The question becomes: did he know that Adam and Eve would sin? Because if he did, Jesus was not just a possibility, he was a certainty. But if Adam and Eve’s outcome was not known by God, the idea of Jesus was part of a foolproof redemptive plan. But his necessity was ultimately unknown. There would exist possible futures where presumably generations of humans had the same choice that Adam and Eve had.
But let’s just say that Adam and Eve didn’t eat from the tree of knowledge. Or their children. But their grandchildren did. So Eden would presumably still exist, along with access to the tree of life.  There would be another tribe of humans outside the garden and outside of the grace of God. They would need to be able to make the same decision that Adam and Eve made. Those in the garden could choose knowledge of good and evil and to exit the garden, but those outside the garden would need a path to redemption. 

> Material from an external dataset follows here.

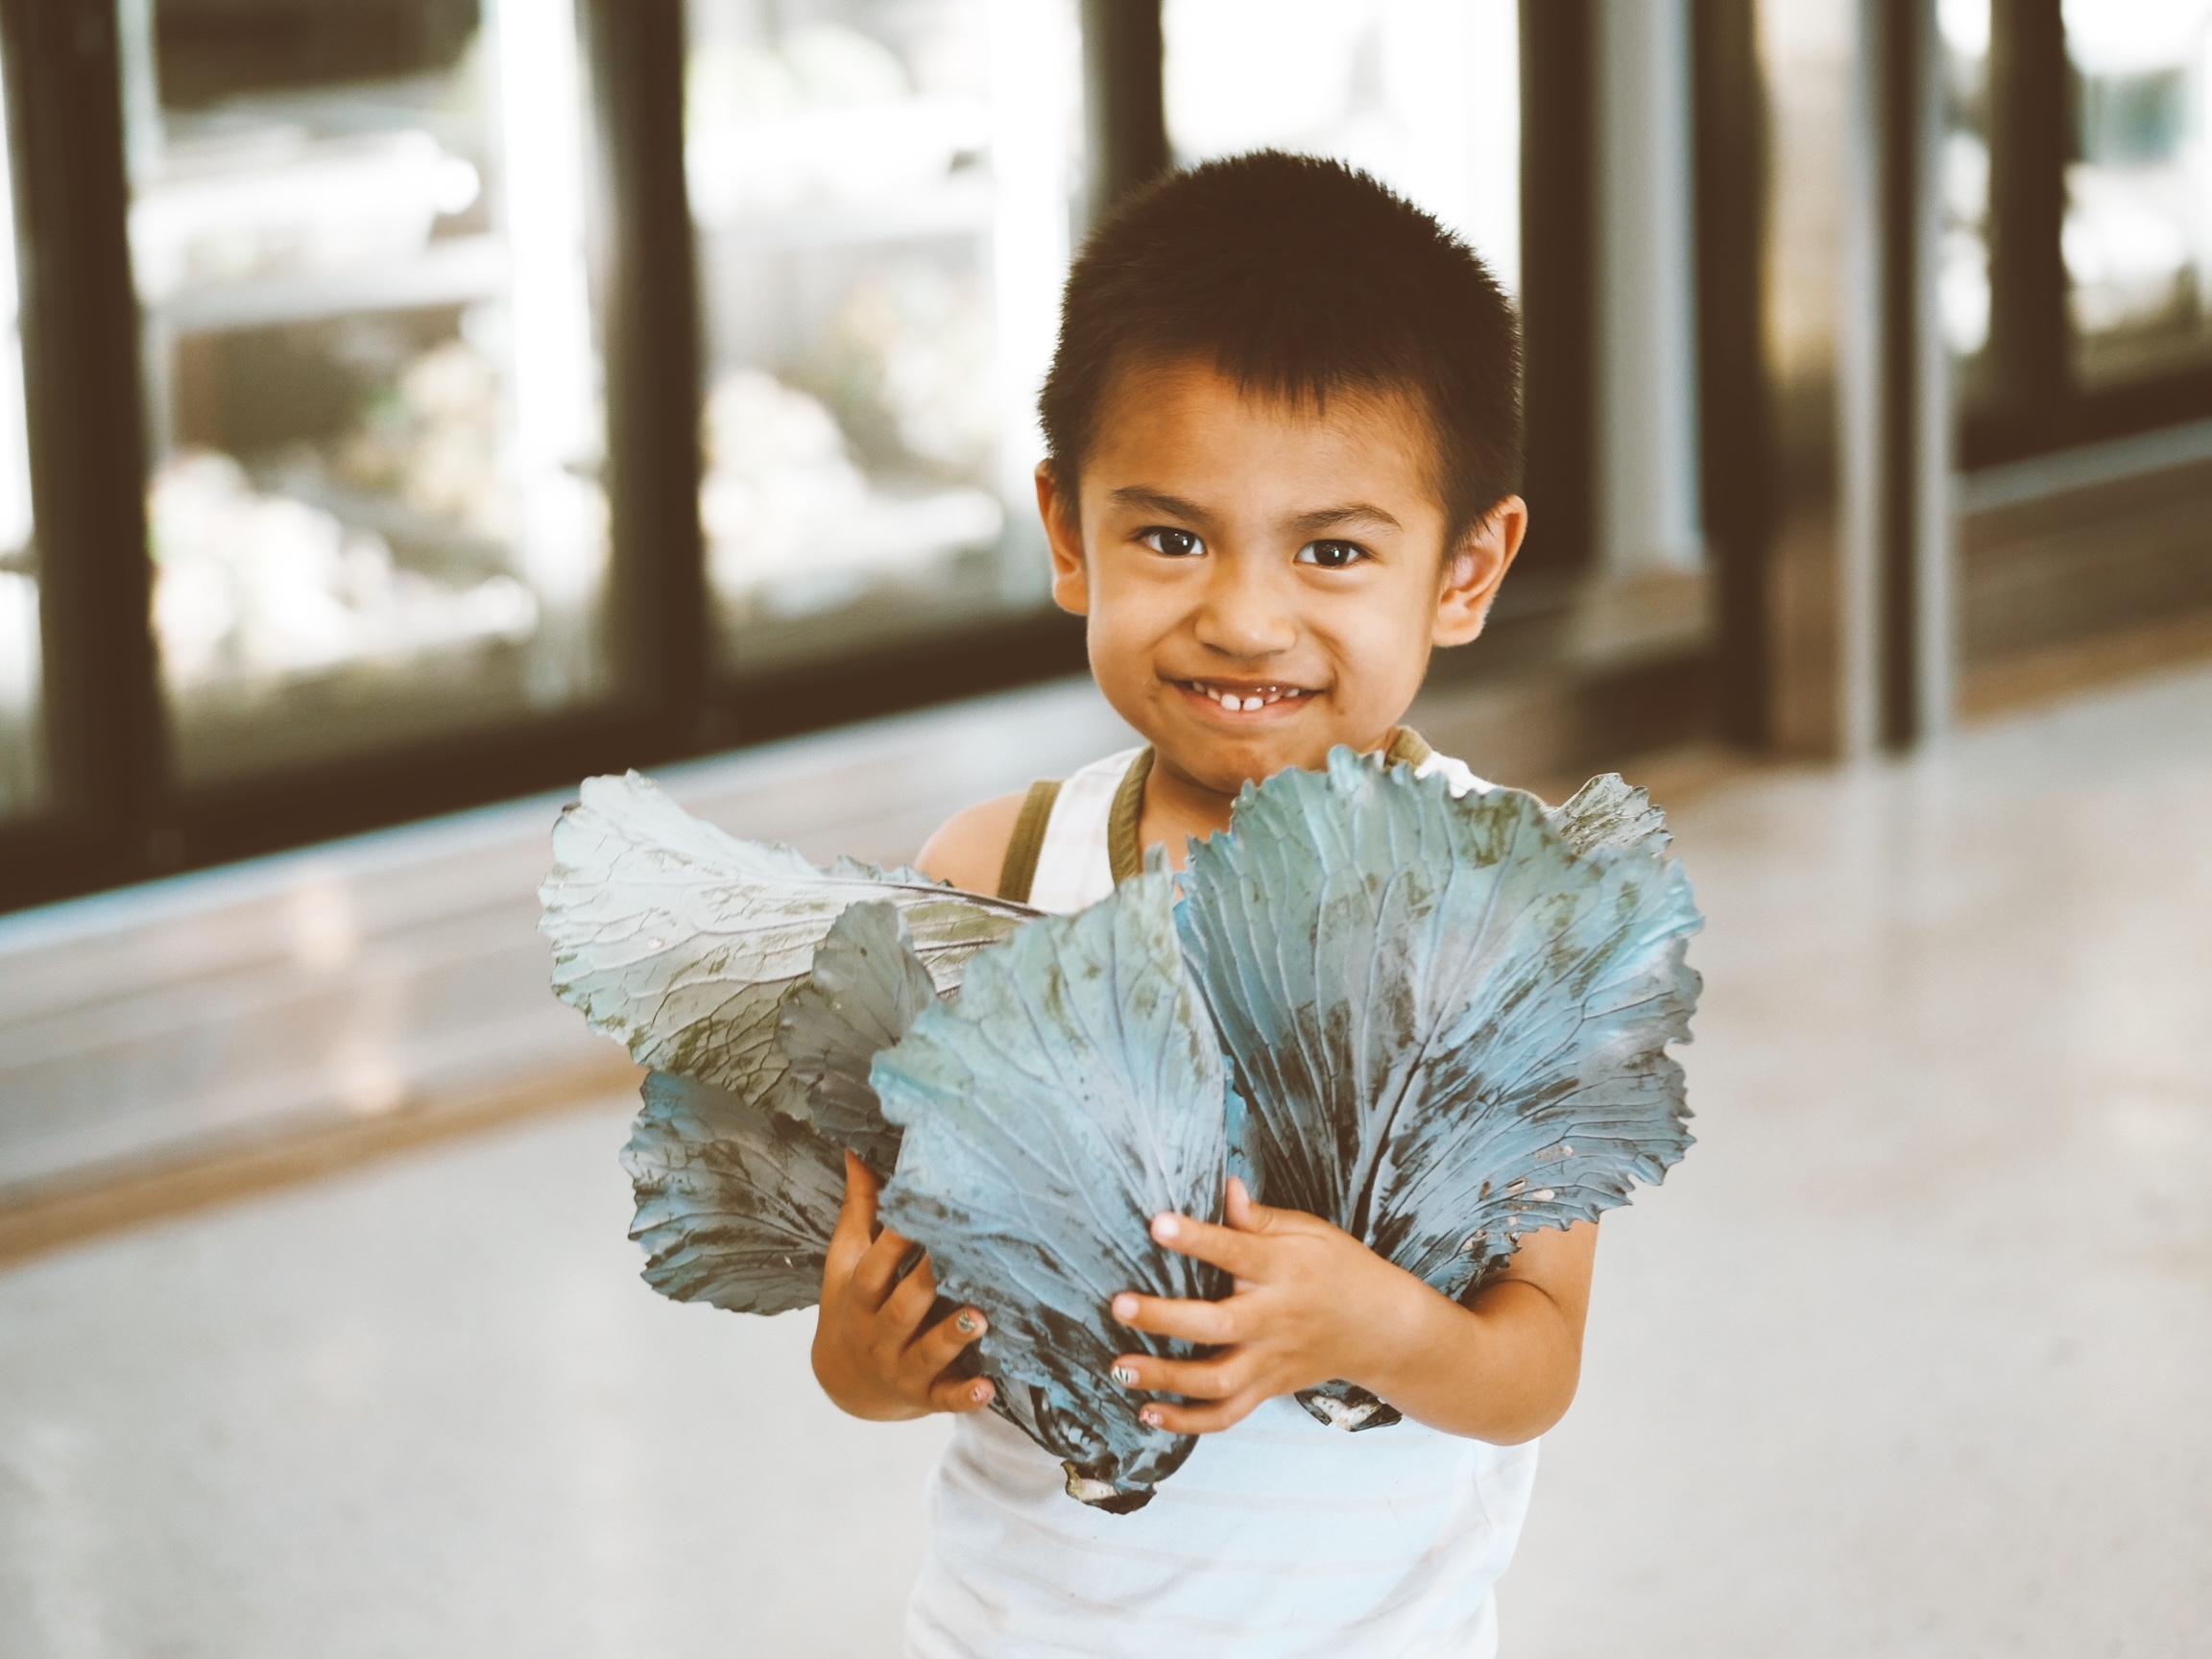 Smiling boy holds armfuls of cabbage.

Christ would be needed to save them. As long as at least one human chose to eat from the tree, Jesus was needed. And since humans were free creatures, not perfect creatures, some would choose to eat the fruit.
Therefore, all scenarios of imperfect humans with free will lead to sin and need a savior. And Christ was not a possibility. He was always needed. 
And if Jesus was certainly needed, and existed as an idea prior to his birth and prior to Adam and Eve, he first existed as an idea, then as a prophesy, then as a person. But always in the will of God. So he was always going to be.